What the cost of the Encore?
What was the cost to enroll (included?)
When did you purchase your Legacy Resale?
Thanks


----------



## davidvel (Aug 3, 2016)

bazzap said:


> So apart from unit upgrades now, are you saying that there are fees for other MVC to MVC exchanges?
> I don't know of any, what would they be?
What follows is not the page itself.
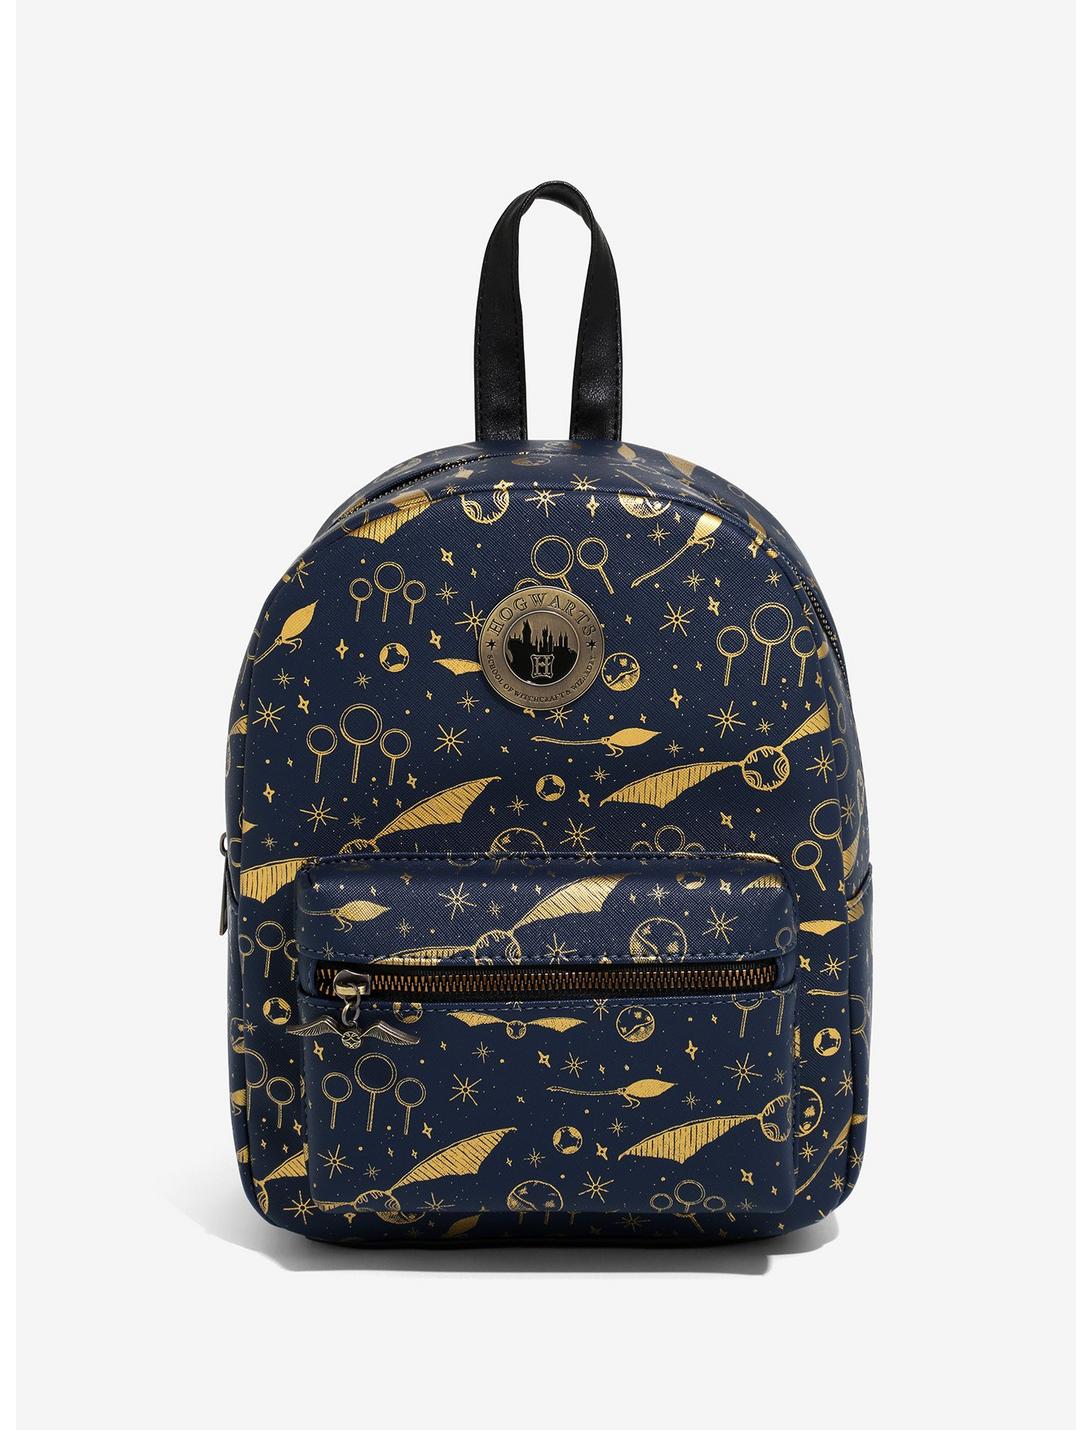 Harry Potter Navy & Gold Quidditch Mini Backpack, , hi-res
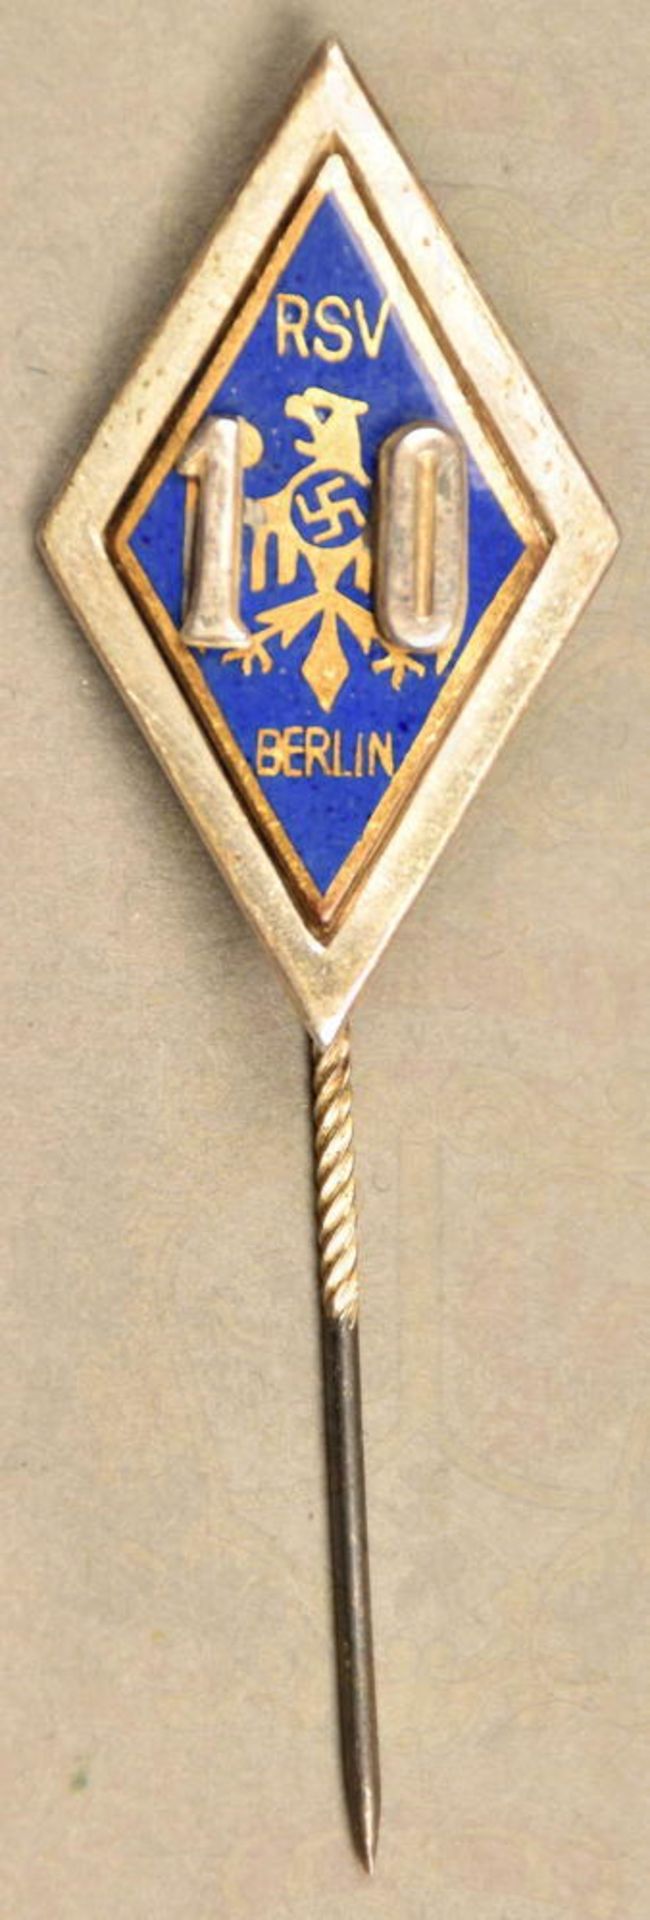 Silver honour badge Reichsbahn sports club Berlin - Image 2 of 3

No, those are all the new fees I am aware of, but as I noted in another thread, I can think of a lot more to make "free" Marriott-to-Marriott trades not really free.


----------



## l0410z (Aug 3, 2016)

I just got off the phone with the women I met with after the presentation.  She is going to add an addendum to the encore contract adding the guarantee.  I gave her the two resorts GO and Monarch and the last two summer weeks in July.  She is going to email me the encore contract when she  gets back to the office Sunday.   The cost is 1499 for M-F (5 days) and 65000 MRP.


----------



## ffxjack (Aug 3, 2016)

taterhed said:


> To confirm what you're saying:
> 
> 
> You were offered an encore (5 days) in Hawaii @ Xmas (not in writing)
> ...



There was a list of resorts for me to choose from. Hawaii at that time cost a little more but I made it clear, no Hawaii during kids' winter break, then I was out. It is a studio or efficiency--not typical 1 or 2 bdrm but I don't care because it's Hawaii in Dec (I live on the East coast)
I believe it's 50k MRP but I'll have to check contract before leaving for Koolina in Dec.
Cost to enroll my one legacy week included. All in was $1999 paid monthly.
Purchased MGO around 2006 (can't recall exact date at this point).

I went to a local Roadshow event when DC started. Didn't buy but offered Encore package at OW in Myrtle Beach so decided to to do it since I had heard it was nice and I've never been. That time only included 2 bdrm for 5 days I believe. After presentation, offered the encore package above which I took only since I was thinking about checking out Maui/Oahu. As bonus, my wk was enrolled but so far, not making any use of DC or II for that matter.


----------



## taterhed (Aug 3, 2016)

ffxjack said:


> There was a list of resorts for me to choose from. Hawaii at that time cost a little more but I made it clear, no Hawaii during kids' winter break, then I was out. It is a studio or efficiency--not typical 1 or 2 bdrm but I don't care because it's Hawaii in Dec (I live on the East coast)
> I believe it's 50k MRP but I'll have to check contract before leaving for Koolina in Dec.
> Cost to enroll my one legacy week included. All in was $1999 paid monthly.
> Purchased MGO around 2006 (can't recall exact date at this point).
> ...


Thanks. Pre 2010 was the key there.

sent from my cell phone...


----------



## dewdrops (Aug 4, 2016)

l0410z said:


> I just got off the phone with the women I met with after the presentation.  She is going to add an addendum to the encore contract adding the guarantee.  I gave her the two resorts GO and Monarch and the last two summer weeks in July.  She is going to email me the encore contract when she  gets back to the office Sunday.   The cost is 1499 for M-F (5 days) and 65000 MRP.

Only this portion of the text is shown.